I remember the 70's extremely well. When you could only get your gasoline on even or odd days and the speed limit was 55mph. We apparently didn't learn our lesson from that time and if we don't step up and do something now we are going to be right back where we were, spending outrageous amounts of money on foreign fuel.
You are wrong. We need to implement an emissions tax of a $100 per ton of carbon dioxide, which is about $1 per gallon, to demonstrate that we do have the political will. Now is the time to do it!
1) It would send a clear signal that we have the political will to become energy independent
2) It would eliminate the need for a ridiculously complex(easy to game) cap and trade system.
3) It would generate about $600 billion per year, which would eliminate the deficit and leave about $100 billion and year to finance the development of the new energy efficient infrastructure.
Rather than revenue neutral, it should be a source of revenue and a demonstration of national will. It is way past time to stop sending $700 billion dollars a year, for oil, out of this country . We need to retain it here to invest in our infrastructure.
People are now desensitized to paying $3-4 per gallon.
The revenue generated could be put to good economic use rebuilding infrastructure, expanding/improving public transportation and green technologies.
All gas tax revenue would have to be mandated to be spent in the US, creating jobs and helping us out of the mess we are in.
Your primary argument against a gas tax seems to be that it won't be enough to stop climate change -- and I agree. We will still need other alternatives, wind, solar, etc. We'll still need to work on plugin hybrids and plugin electric vehicles.
But as you note, most of these transit alternatives require not just a new type of engine, but a new infrastructure. In other words, they're a BIG DEAL, and unlikely to take off overnight.
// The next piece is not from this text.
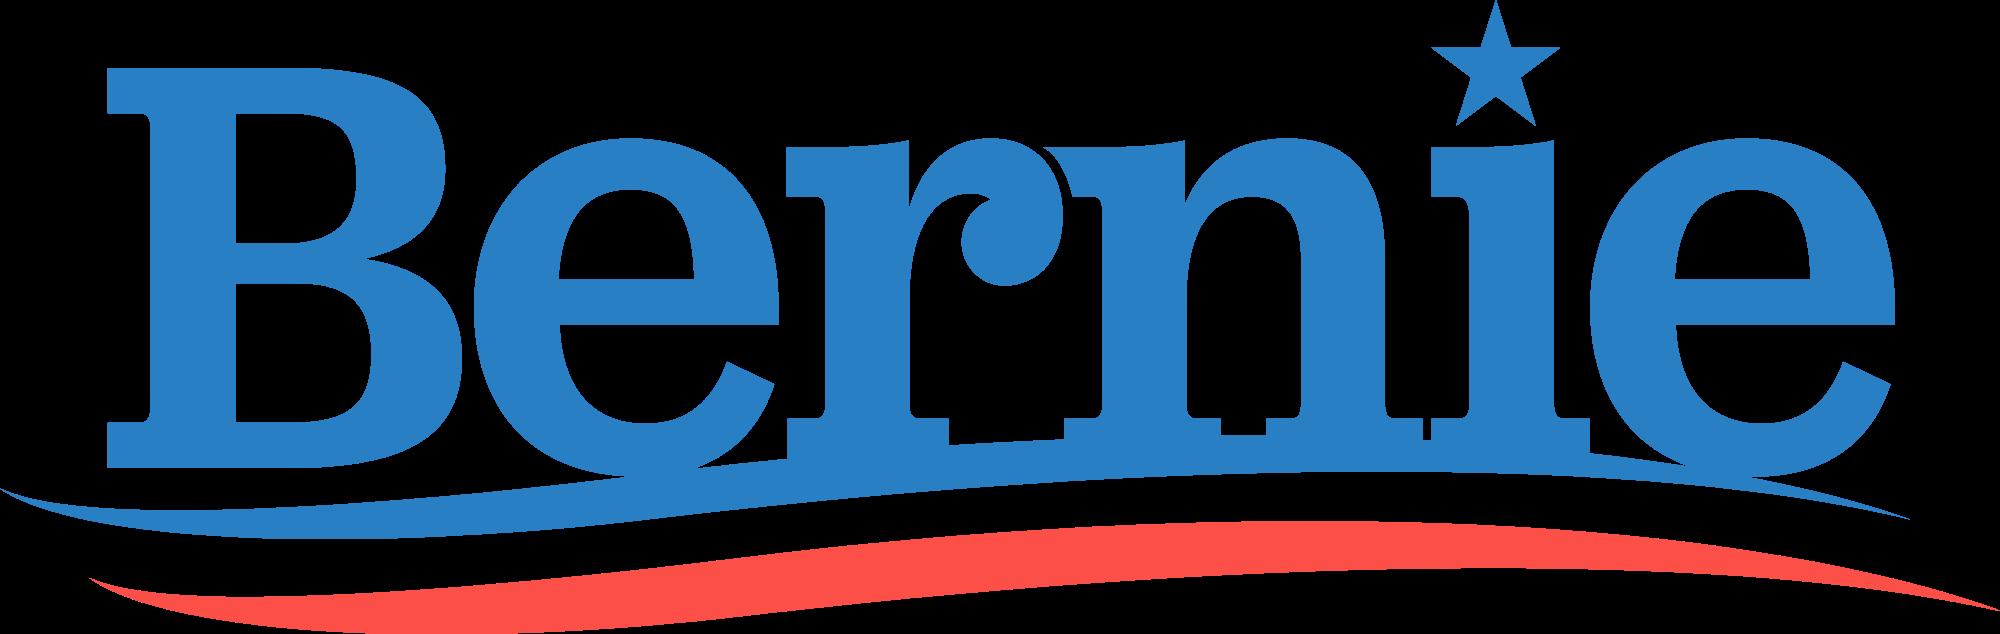 Bernie_Sanders_2016_logo.svg.png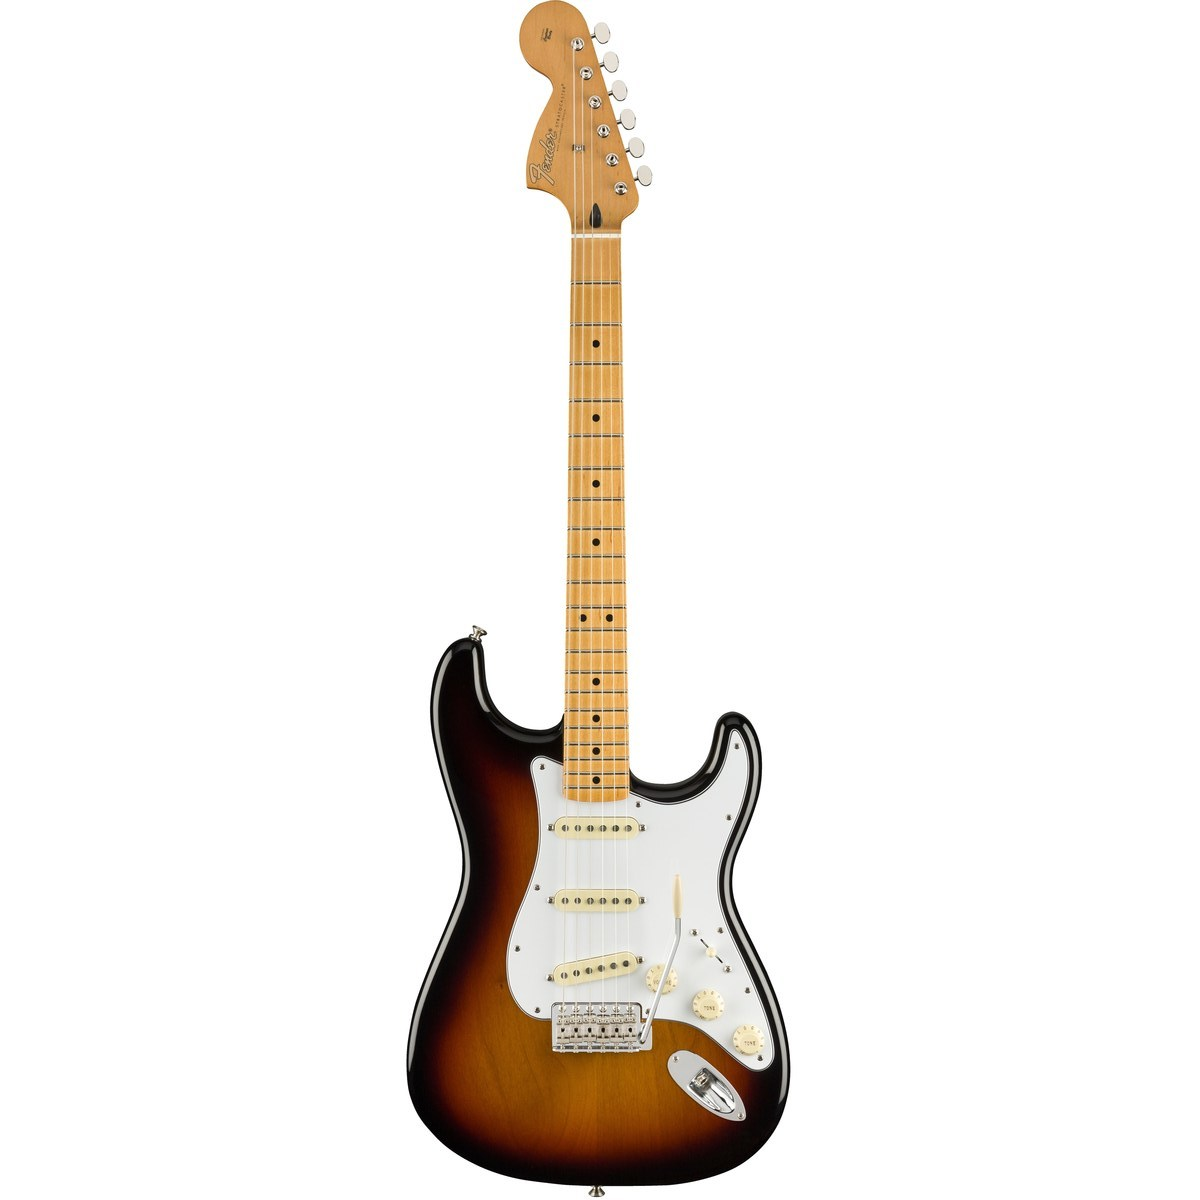 Billede af Fender Jimi Hendrix Stratocaster, MN, 3TS el-guitar 3-tone sunburst

So why make the perfect the enemy of the good? Yes, ultimately we need to switch to a different method of transit. But in the meantime, where's the problem with using government's taxation power to nudge people in the direction of doing the right thing? We could improve -- not eliminate, but improve -- the environmental impact of all the car's we've built, and we could use the tax money for further future-thinking environmental/energy independence work.
Yes, it would require a lot of political capital to pas a gas tax, especially in today's economy -- you'd need to balance it out elsewhere; make it less convenient to drive, but more convenient to take public transportation.